Tyrosine Phosphorylation Regulates the Proteolytic Activation of Protein Kinase Cδ in Dopaminergic Neuronal Cells

• Published in: The Journal of biological chemistry Vol. 280; no. 31; p. 28721
• Main Authors: Siddharth Kaul, Vellareddy Anantharam, Yongjie Yang, Christopher J. Choi, Arthi Kanthasamy, Anumantha G. Kanthasamy
• Format: Journal Article
• Language: English
• Published: American Society for Biochemistry and Molecular Biology 05.08.2005
• ISSN: 0021-9258; 1083-351X
• DOI: 10.1074/jbc.M501092200

Oxidative stress is a key apoptotic stimulus in neuronal cell death and has been implicated in the pathogenesis of many neurodegenerative disorders, including Parkinson disease (PD). Recently, we demonstrated that protein kinase C-δ (PKCδ) is an oxidative stress-sensitive kinase that can be activated by caspase-3-dependent proteolytic cleavage to induce apoptotic cell death in cell culture models of Parkinson disease (Kaul, S., Kanthasamy, A., Kitazawa, M., Anantharam, V., and Kanthasamy, A. G. (2003) Eur. J. Neurosci. 18, 1387-1401 and Kanthasamy, A. G., Kitazawa, M., Kanthasamy, A., and Anantharam, V. (2003) Antioxid. Redox. Signal. 5, 609-620). Here we showed that the phosphorylation of a tyrosine residue in PKCδ can regulate the proteolytic activation of the kinase during oxidative stress, which consequently influences the apoptotic cell death in dopaminergic neuronal cells. Exposure of a mesencephalic dopaminergic neuronal cell line (N27 cells) to H 2 O 2 (0-300 μ m ) induced a dose-dependent increase in cytotoxicity, caspase-3 activation and PKCδ cleavage.
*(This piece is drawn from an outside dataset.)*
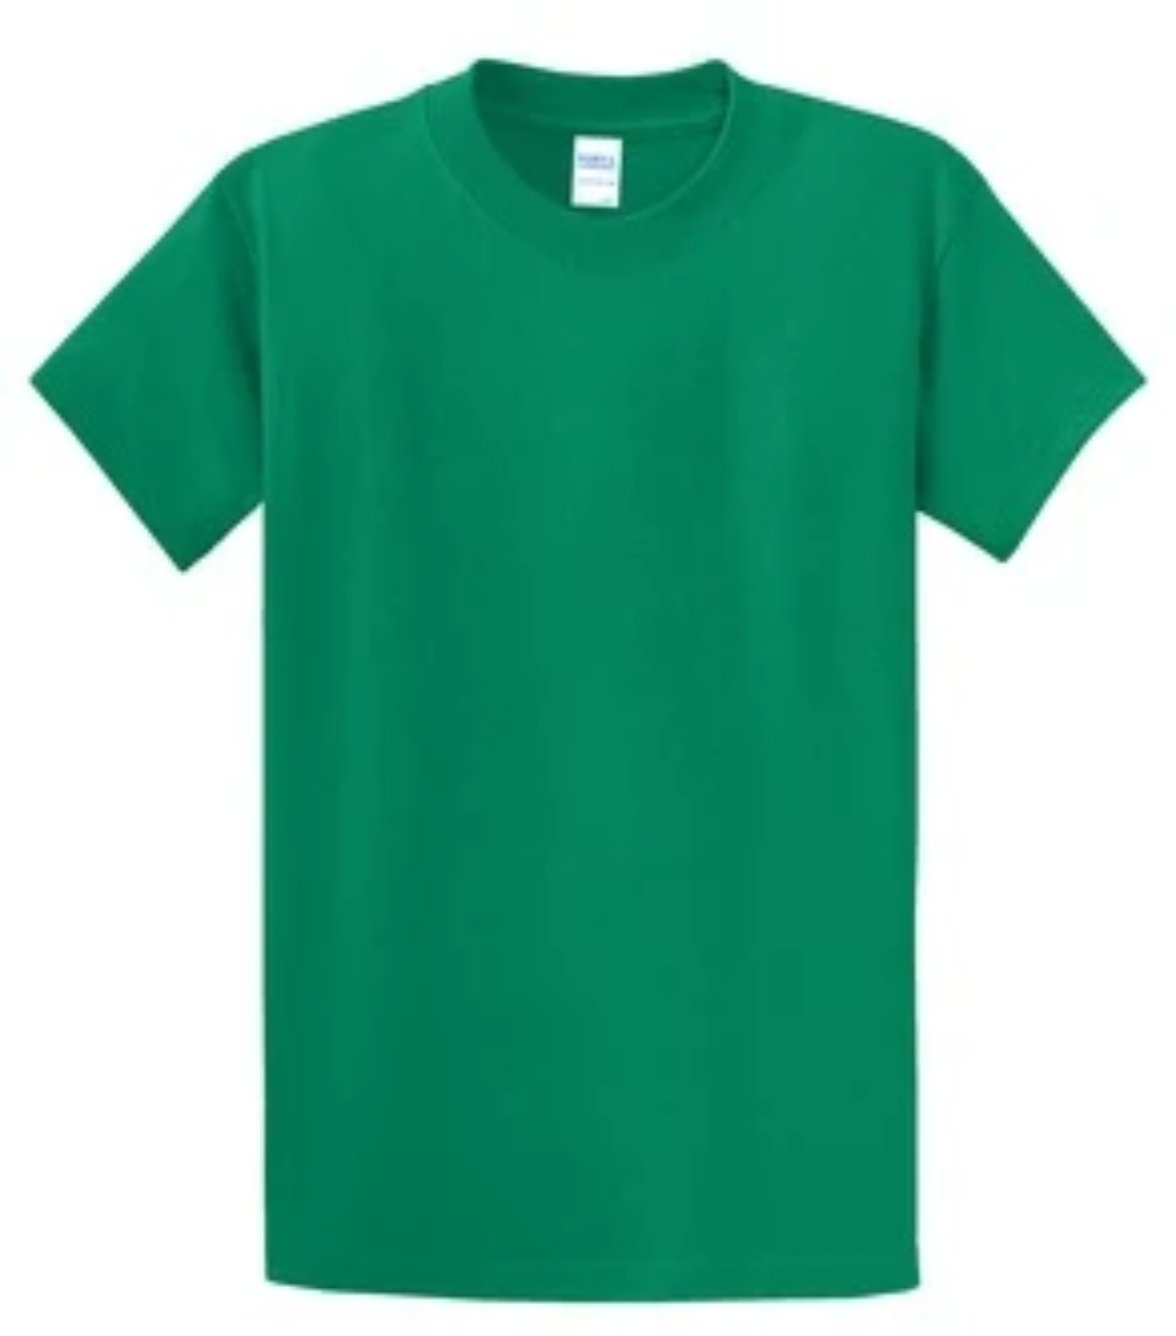 Port & Company 100% Cotton Essential T-Shirt Kelly Green Tall PC61T
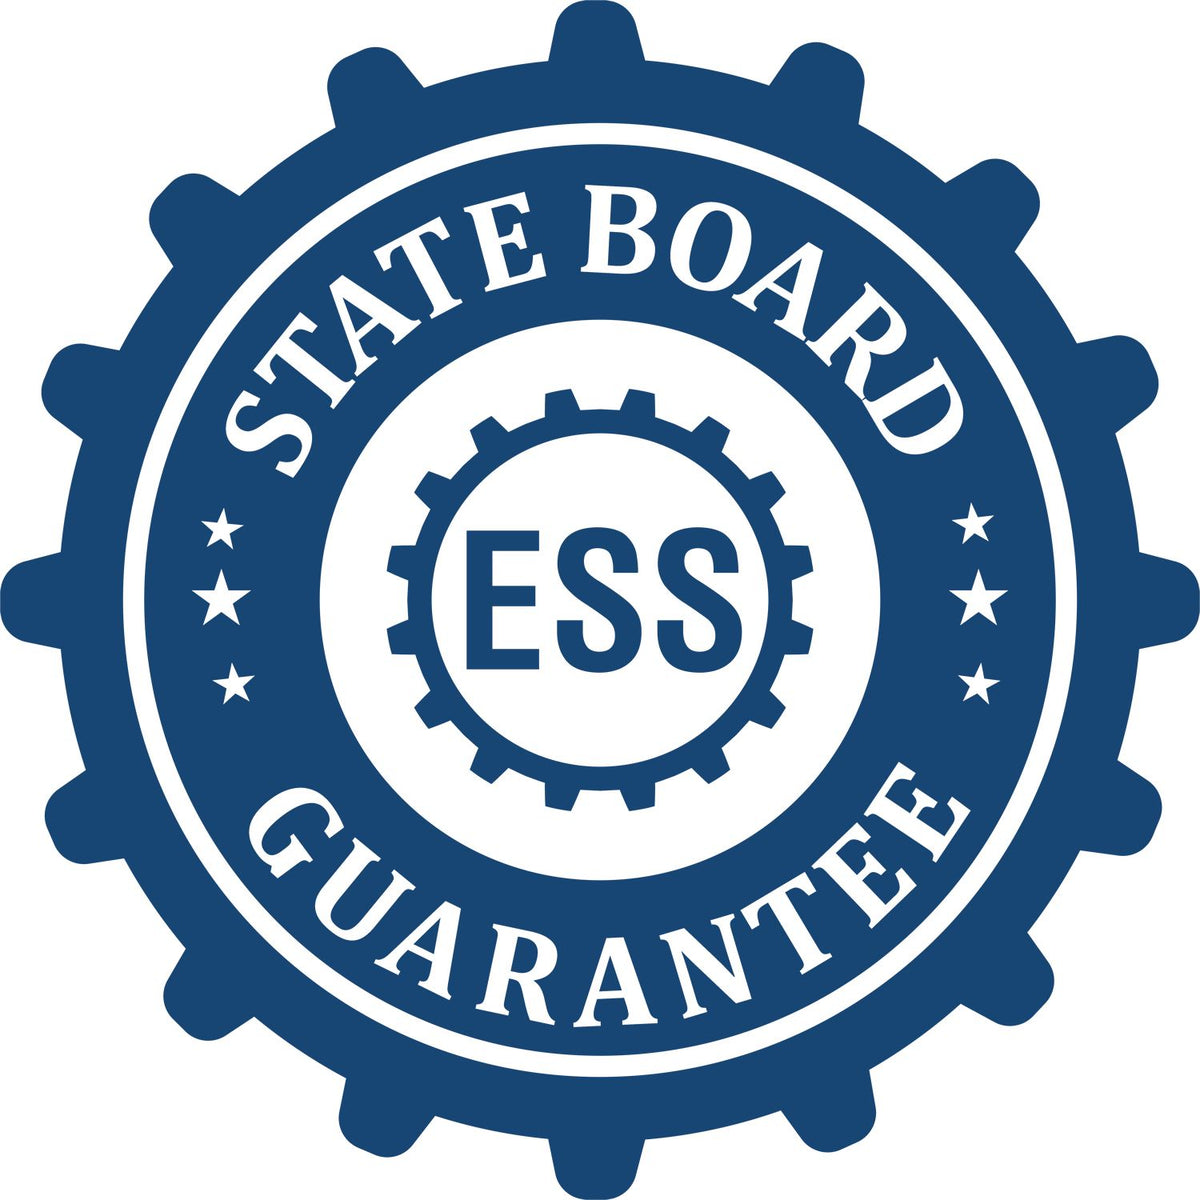 Landscape Architect eSeal Electronic Image Stamp of Seal 3008LA State Board Guarantee

H 2 O 2 -induced proteolytic activation of PKC was δ mediated by the activation of caspase-3. Most interestingly, both the general Src tyrosine kinase inhibitor genistein (25 μ m ) and the p60 Src tyrosine-specific kinase inhibitor (TSKI; 5 μ m ) dramatically inhibited H 2 O 2 and the Parkinsonian toxin 1-methyl-4-phenylpyridinium-induced PKCδ cleavage, kinase activation, and apoptotic cell death. H 2 O 2 treatment also increased phosphorylation of PKCδ at tyrosine site 311, which was effectively blocked by co-treatment with TSKI. Furthermore, N27 cells overexpressing a PKCδ Y311F mutant protein exhibited resistance to H 2 O 2 -induced PKCδ cleavage, caspase activation, and apoptosis. To our knowledge, these data demonstrate for the first time that phosphorylation of Tyr-311 on PKCδ can regulate the proteolytic activation and proapoptotic function of the kinase in dopaminergic neuronal cells.